# Rocky Fork reports



## Wally Diver (Aug 27, 2006)

Anyone fishing Rocky Fork the last few days? Looking for recent reports on saugeye bite. I fished there 2 weeks ago. It was slow then with 3 saugeye that day but only 1 keeper a 16 inch fish. Catfish were active that day.


----------



## Wally Diver (Aug 27, 2006)

The wife and I fished today. 3 saugeye 9 yellow perch and 10 catfish on night crawlers and minnows. Water 77 degrees yet 2 trailers in the lot when I got there at 8 this morning and maybe 6 or 8 when we left at 3 this afternoon. All fish were caught drifting.


----------



## crappiedude (Mar 12, 2006)

Nice report. I haven't been to RF in about a month. I'd like to get back out there before bow season starts.


----------



## josh13 (Aug 16, 2011)

Wally Diver said:


> The wife and I fished today. 3 saugeye 9 yellow perch and 10 catfish on night crawlers and minnows. Water 77 degrees yet 2 trailers in the lot when I got there at 8 this morning and maybe 6 or 8 when we left at 3 this afternoon. All fish were caught drifting.
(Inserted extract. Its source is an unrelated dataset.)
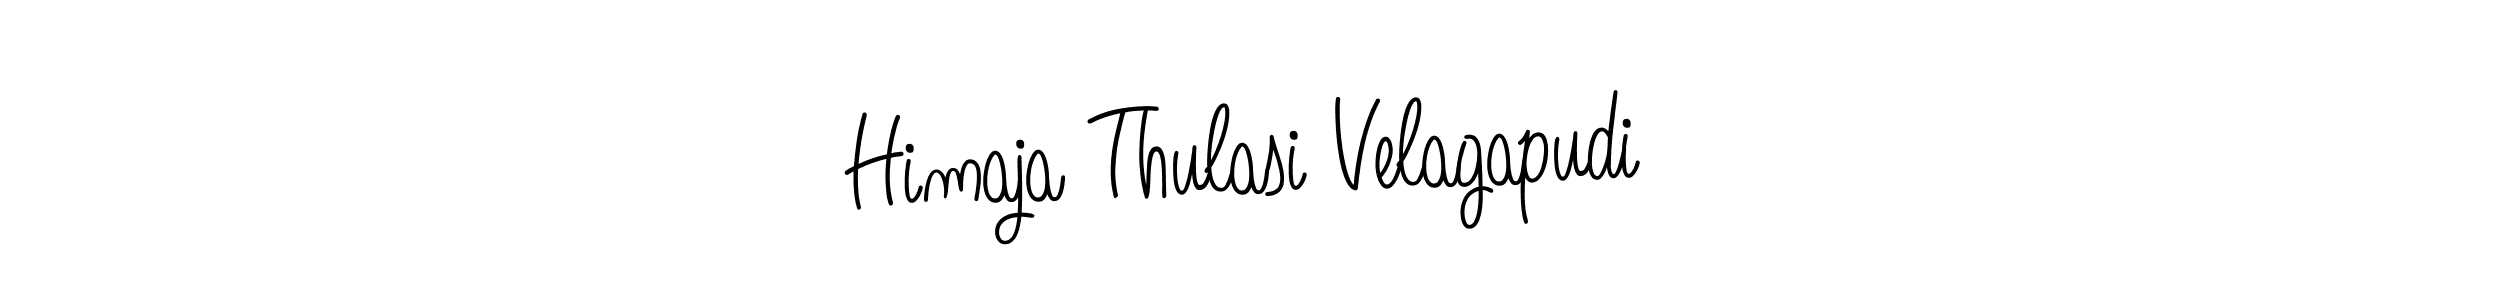 Best and Professional Signature Style for Himaja Thulasi Velagapudi. Angelique-Rose-font-FFP Best Signature Style Collection. Himaja Thulasi Velagapudi signature style 5 images and pictures png

Does rocky fork have a decent perch population? And if so where might I hook a few from the bank if there is any good bank spots


----------



## Cajunsaugeye (Apr 9, 2013)

Yes it has tons of perch. VERY few "keepers sized though.


----------



## Wally Diver (Aug 27, 2006)

There are some nice size ones in there but hard to find them mostly small ones. 
I'd try down by the old restaurant if fishing from the bank. Around the islands if in a boat.


----------



## Matt Jackson (Apr 21, 2015)

What size where the catfish you were catching up there?Ive always wanted to try Rocky Fork and I'm getting burnt out fishing Cowan.


----------



## Salmonid (Apr 14, 2004)

Rfl channel cats run from 3-6 lbs with some nice ones up to about 13 lbs. it not a numbers lake but definitely a "quality" fishery


----------



## Wolfman29 (Aug 30, 2017)

Anyone catching any crappie on Rocky Fork?


----------



## Wally Diver (Aug 27, 2006)

I fished Monday not much luck 8 small perch and blue gills.


----------



## Cajunsaugeye (Apr 9, 2013)

Wolfman29 said:


> Anyone catching any crappie on Rocky Fork?


The Amish have had GREAT success w/them Other past few winters. Why you most likely will not.


----------



## Wolfman29 (Aug 30, 2017)

Crappie reports there? Amish cleaned them out huh?


----------



## StevenMcc (Jul 2, 2017)

Wolfman29 said:


> Crappie reports there? Amish cleaned them out huh?


LOL I don't get that either.


----------